May 26, 2011 | Written by
David Munro
Kontent Director David Munro’s short video for Underground Advertising and NY advocacy group Believe Out Loud shows a young boy and his two moms catching uncertain glances in church. It carries a simple, seemingly universal message: Open your hearts, and open your parishes. The response among progressive churches and clergy was swift and positive. The spot went viral, netting thirty thousand YouTube hits in just the first week. Pastors screened the video at Sunday mass to loud applause. Gay and lesbian worshippers said they watched with tears in their eyes.
However, the amens hit an unholy snag when Sojourners – the nation’s leading progressive Christian publication – refused to give the video its blessing.
The controversy started when Believe Out Loud submitted to Sojourners a series of web ads with the video’s link to launch their A Million Christians for LGBT Equality campaign on Mother’s Day. The social justice oriented, Washington, DC-based Sojourners promptly rejected it – and the blogosphere erupted, followed by write ups in the Huffington Post and the Daily Beast. Gay and lesbian groups, both Christian and secular, were outraged.

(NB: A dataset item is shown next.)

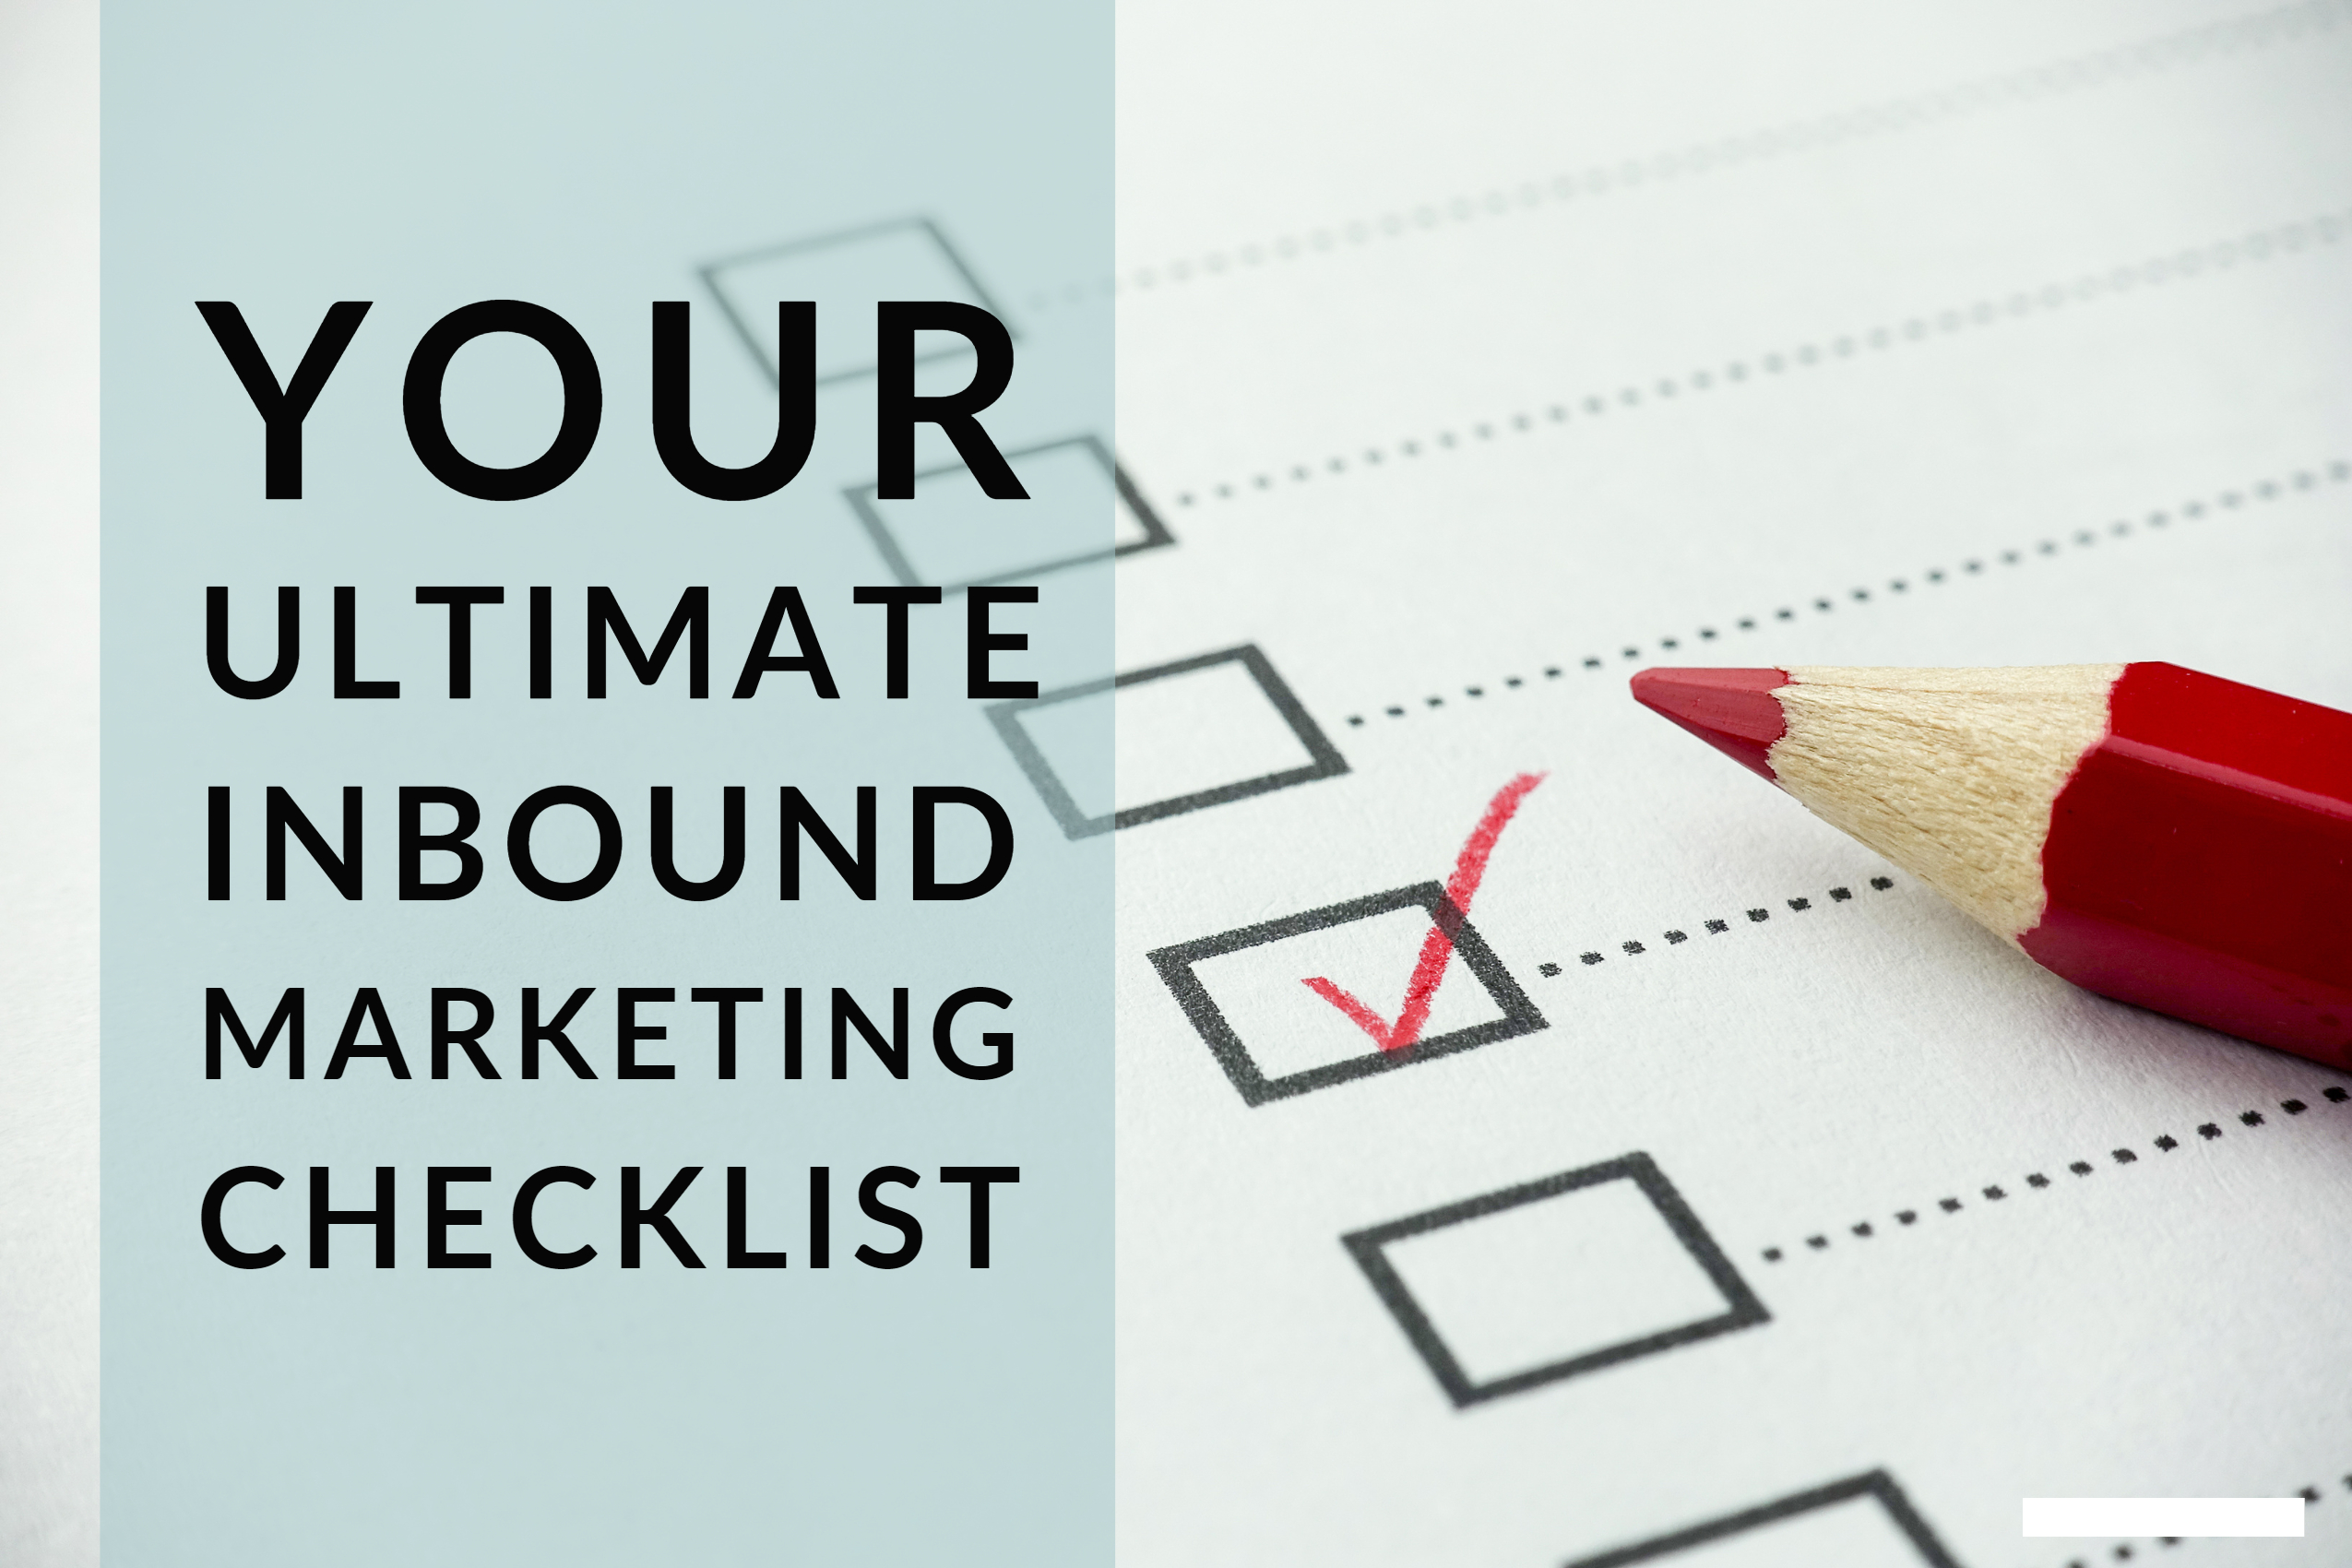 Your Ultimate Inbound Marketing Checklist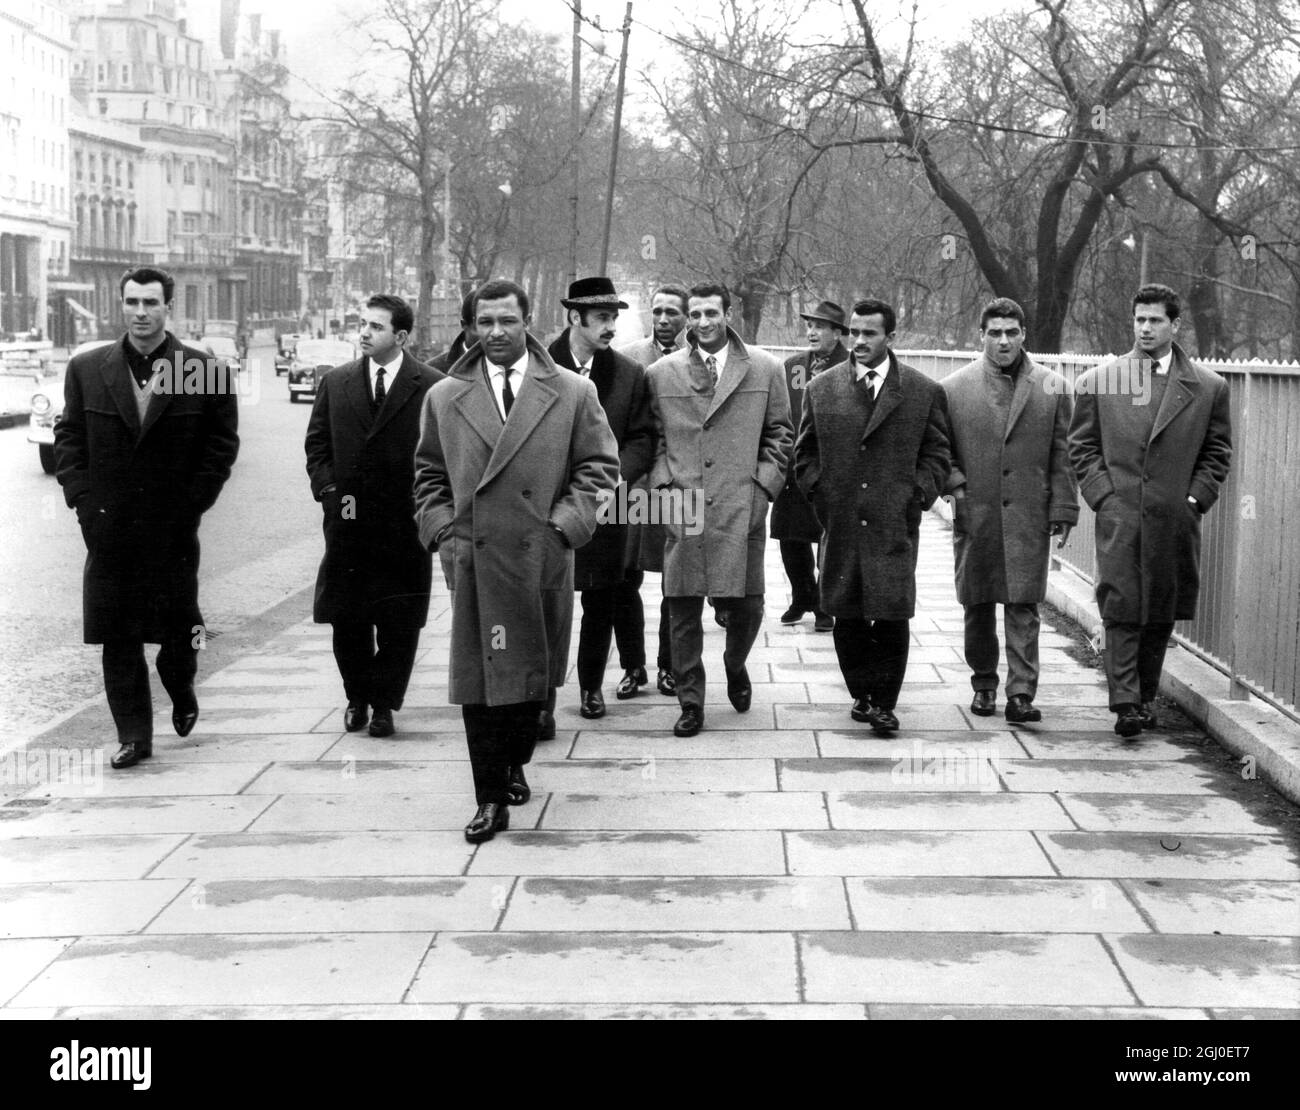 Mitglieder der Benfica-Mannschaft, die portugiesischen Fußballmeister, machen einen Spaziergang entlang des Piccadilly Whille auf einer Besichtigungstour durch London. Das Benfica-Team ist gekommen, um in der zweiten Etappe des Halbfinales der Europameisterschaft Spurs zu spielen. April 1962. Stockfoto

In a letter of response, Obama’s spiritual advisor and Sojourners publisher, Jim Wallis, said his group steered clear of ads that seek to promote “wedge issues” which could create division and disrupt the organization’s primary mission. LGBT Christians shot back asking how love and acceptance in church, of all places, could possibly be divisive, let alone political. They felt especially betrayed by Wallis who has espoused a “big tent” theology as one of evangelism’s few progressive voices. Apparently, the tent was smaller than we thought.
The resulting dialogue, and the profile it has spawned, has likely spread the video far wider than an ad in Sojourners ever could have. Hallelujah for that.